Energy-efficient technologies are cost-effective now, but the market is set up to discourage efficiency. In most places, the more electricity a utility sells, the more money it makes. If it’s able to boost electricity demand enough, the utility is allowed to build a new power plant with a guaranteed profit. The only way a typical utility can lose money is if demand drops. So the last thing most utilities want to do is seriously push strategies that save energy, strategies that do not pollute in the first place.
If we want aggressive deployment of energy efficiency, we need to do what California did decades ago–adopt regulations so that utility company profits are not tied to how much electricity they sell. This is called “decoupling.” It also allows utilities to take a share of any energy savings they help consumers and businesses achieve.

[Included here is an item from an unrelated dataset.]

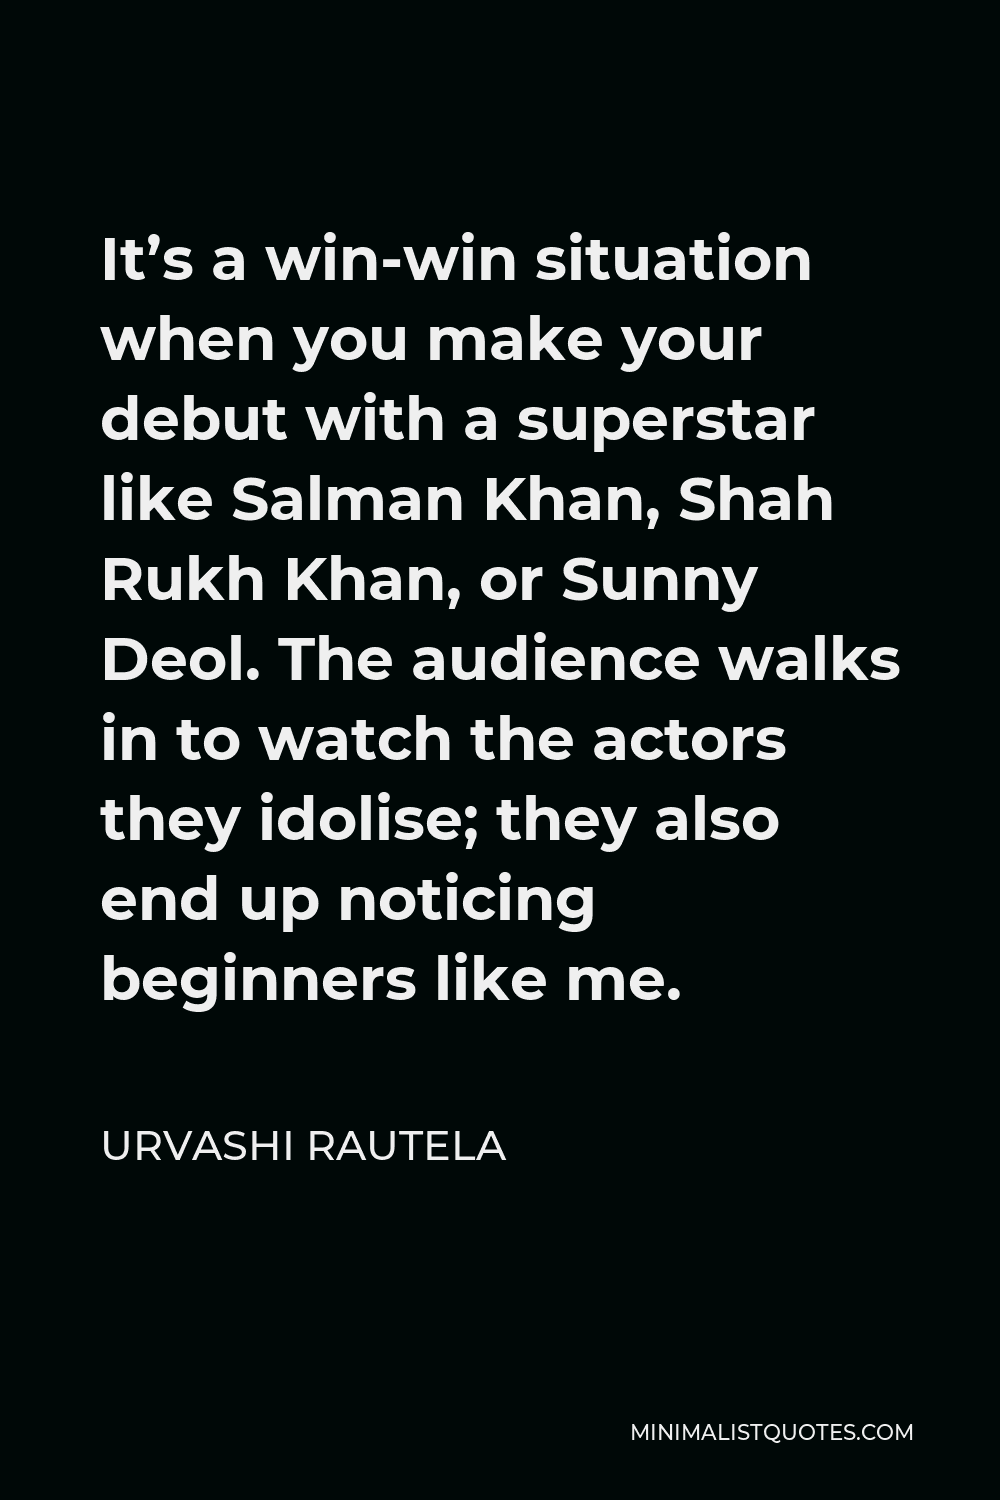 Urvashi Rautela Quote - It’s a win-win situation when you make your debut with a superstar like Salman Khan, Shah Rukh Khan, or Sunny Deol. The audience walks in to watch the actors they idolise; they also end up noticing beginners like me.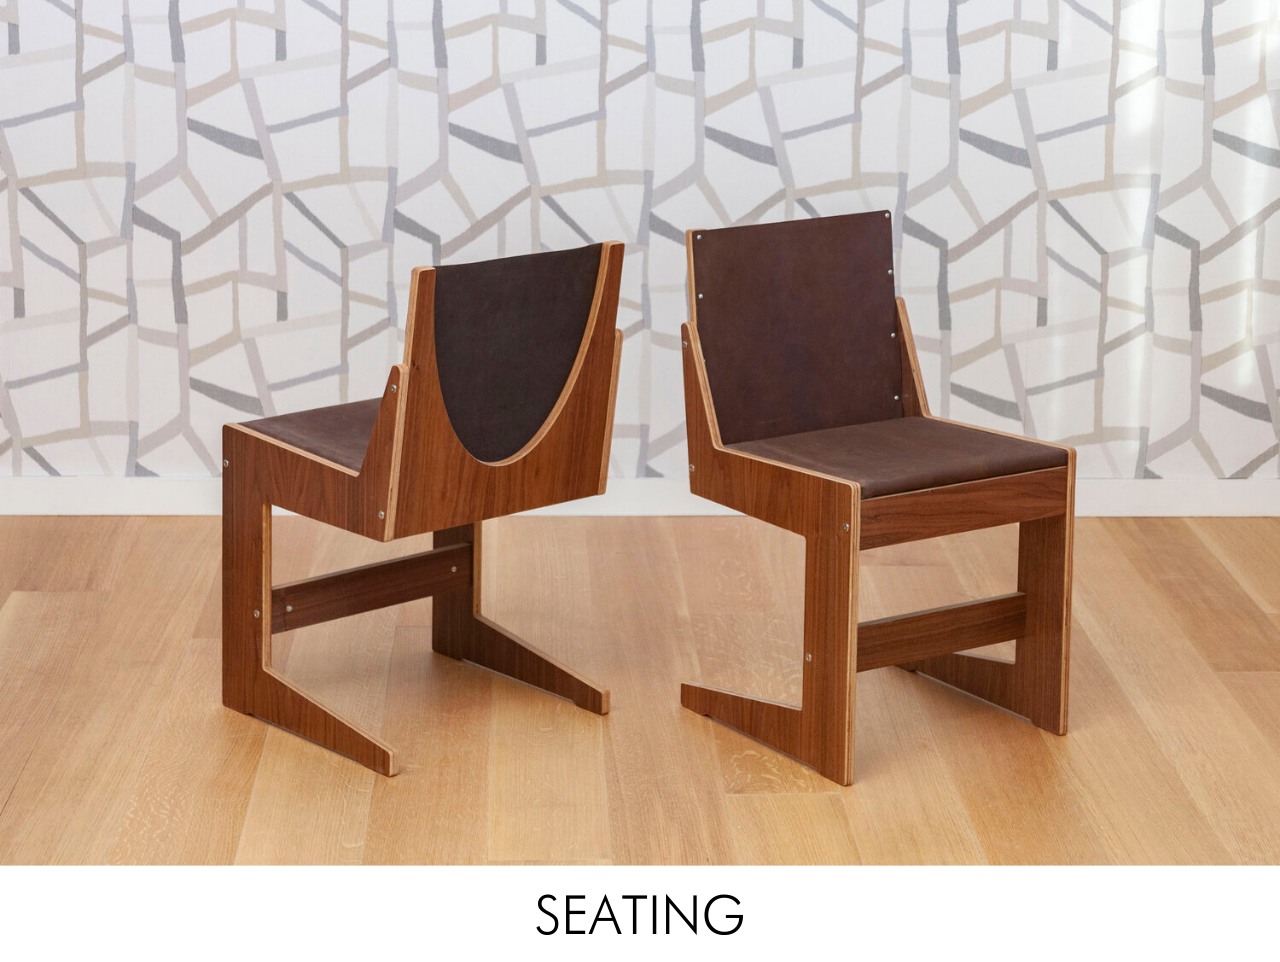 Two contemporary wooden chairs with leather backrests against a geometric patterned wallpaper.

Since California utilities can make money when their customers save money, energy-efficiency investments are on the same competitive playing field as new generation. In the past three decades, electricity consumption per capita grew 60% in the rest of the nation, while it stayed flat in high-tech, fast-growing California.1 If the entire nation had California’s much cleaner electric grid, we would cut total American global-warming pollution by more than a quarter without raising American electric bills.
A new report on energy efficiency from the consulting firm McKinsey found that the United States could save $1.2 trillion through 2020, by investing $520 billion in improvements like sealing leaky building ducts and replacing inefficient household appliances with new, energy-saving models.
That investment would cut the country’s projected energy use in 2020 by about 23 percent — a savings that would be “greater than the total of energy consumption of Canada,” said Ken Ostrowski, a senior partner in McKinsey’s Atlanta office, at a press event in Washington this morning. It would also more than offset the expected growth in energy use that would be expected otherwise in the United States.